> [Activity]: All that is needed is each line of the entries holding the word "energy", copied as it stands.

(Beginning of Data for this task)

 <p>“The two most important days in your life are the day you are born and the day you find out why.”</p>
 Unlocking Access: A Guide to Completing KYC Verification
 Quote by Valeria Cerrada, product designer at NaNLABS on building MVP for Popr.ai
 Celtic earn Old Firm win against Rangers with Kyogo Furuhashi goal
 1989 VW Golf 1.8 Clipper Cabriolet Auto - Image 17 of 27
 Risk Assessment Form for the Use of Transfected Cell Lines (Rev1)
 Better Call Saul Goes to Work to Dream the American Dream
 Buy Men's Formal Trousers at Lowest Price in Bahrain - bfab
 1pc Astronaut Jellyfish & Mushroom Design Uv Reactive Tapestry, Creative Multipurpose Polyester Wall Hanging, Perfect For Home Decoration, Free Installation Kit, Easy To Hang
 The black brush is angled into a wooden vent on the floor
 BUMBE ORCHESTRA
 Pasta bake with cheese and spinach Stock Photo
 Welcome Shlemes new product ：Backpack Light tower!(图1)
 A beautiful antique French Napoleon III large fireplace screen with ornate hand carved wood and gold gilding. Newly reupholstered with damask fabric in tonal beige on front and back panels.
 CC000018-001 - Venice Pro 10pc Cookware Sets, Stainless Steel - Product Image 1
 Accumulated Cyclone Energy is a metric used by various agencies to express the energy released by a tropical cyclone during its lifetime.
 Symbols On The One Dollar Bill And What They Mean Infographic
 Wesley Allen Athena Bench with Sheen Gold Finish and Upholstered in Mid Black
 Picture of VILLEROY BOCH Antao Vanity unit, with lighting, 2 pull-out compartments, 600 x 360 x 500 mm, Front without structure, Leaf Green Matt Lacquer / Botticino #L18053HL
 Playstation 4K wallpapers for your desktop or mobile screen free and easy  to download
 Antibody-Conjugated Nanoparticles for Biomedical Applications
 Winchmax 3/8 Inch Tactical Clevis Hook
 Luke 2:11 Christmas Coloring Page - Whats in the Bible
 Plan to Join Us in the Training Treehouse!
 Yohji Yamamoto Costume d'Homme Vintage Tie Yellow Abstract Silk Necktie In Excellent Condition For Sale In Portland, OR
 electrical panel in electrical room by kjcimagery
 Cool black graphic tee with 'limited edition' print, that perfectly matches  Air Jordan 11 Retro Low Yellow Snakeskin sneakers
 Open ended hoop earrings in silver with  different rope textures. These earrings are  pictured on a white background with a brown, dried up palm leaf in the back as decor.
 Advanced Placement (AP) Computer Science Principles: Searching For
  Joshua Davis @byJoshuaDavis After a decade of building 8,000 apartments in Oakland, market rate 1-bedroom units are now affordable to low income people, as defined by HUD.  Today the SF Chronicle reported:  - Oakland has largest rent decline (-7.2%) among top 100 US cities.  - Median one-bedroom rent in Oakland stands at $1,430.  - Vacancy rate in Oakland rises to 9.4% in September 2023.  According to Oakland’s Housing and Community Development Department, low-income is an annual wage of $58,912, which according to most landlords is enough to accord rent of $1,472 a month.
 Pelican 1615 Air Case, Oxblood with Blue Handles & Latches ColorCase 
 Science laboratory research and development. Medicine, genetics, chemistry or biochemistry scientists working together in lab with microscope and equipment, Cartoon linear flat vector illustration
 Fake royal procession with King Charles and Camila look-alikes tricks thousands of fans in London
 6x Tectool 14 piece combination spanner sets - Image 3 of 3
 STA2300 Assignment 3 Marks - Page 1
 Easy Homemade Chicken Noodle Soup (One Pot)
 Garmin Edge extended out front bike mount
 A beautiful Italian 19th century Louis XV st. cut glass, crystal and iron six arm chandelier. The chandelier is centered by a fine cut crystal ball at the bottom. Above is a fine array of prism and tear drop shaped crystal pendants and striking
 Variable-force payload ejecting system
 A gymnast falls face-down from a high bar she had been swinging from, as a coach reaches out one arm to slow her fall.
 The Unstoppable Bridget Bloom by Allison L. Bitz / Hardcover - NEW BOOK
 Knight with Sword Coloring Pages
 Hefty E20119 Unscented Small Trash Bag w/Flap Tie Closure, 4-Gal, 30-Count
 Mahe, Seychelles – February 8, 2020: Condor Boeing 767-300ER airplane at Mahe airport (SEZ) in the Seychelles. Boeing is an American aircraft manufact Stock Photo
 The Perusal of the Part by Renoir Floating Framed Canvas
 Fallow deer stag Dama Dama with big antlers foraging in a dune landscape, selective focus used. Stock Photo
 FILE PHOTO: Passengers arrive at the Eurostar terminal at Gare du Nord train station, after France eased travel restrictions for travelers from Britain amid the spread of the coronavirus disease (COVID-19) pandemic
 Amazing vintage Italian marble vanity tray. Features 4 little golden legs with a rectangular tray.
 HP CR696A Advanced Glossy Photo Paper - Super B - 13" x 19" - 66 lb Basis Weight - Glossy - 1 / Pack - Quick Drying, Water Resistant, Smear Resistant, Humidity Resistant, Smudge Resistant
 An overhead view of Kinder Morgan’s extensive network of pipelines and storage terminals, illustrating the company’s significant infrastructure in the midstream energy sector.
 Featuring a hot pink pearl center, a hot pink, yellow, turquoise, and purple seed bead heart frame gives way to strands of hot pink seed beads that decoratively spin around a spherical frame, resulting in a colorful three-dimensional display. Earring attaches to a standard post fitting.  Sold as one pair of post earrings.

(End of Data for this task)

> [Solution to this problem]:
 Accumulated Cyclone Energy is a metric used by various agencies to express the energy released by a tropical cyclone during its lifetime.
 An overhead view of Kinder Morgan’s extensive network of pipelines and storage terminals, illustrating the company’s significant infrastructure in the midstream energy sector.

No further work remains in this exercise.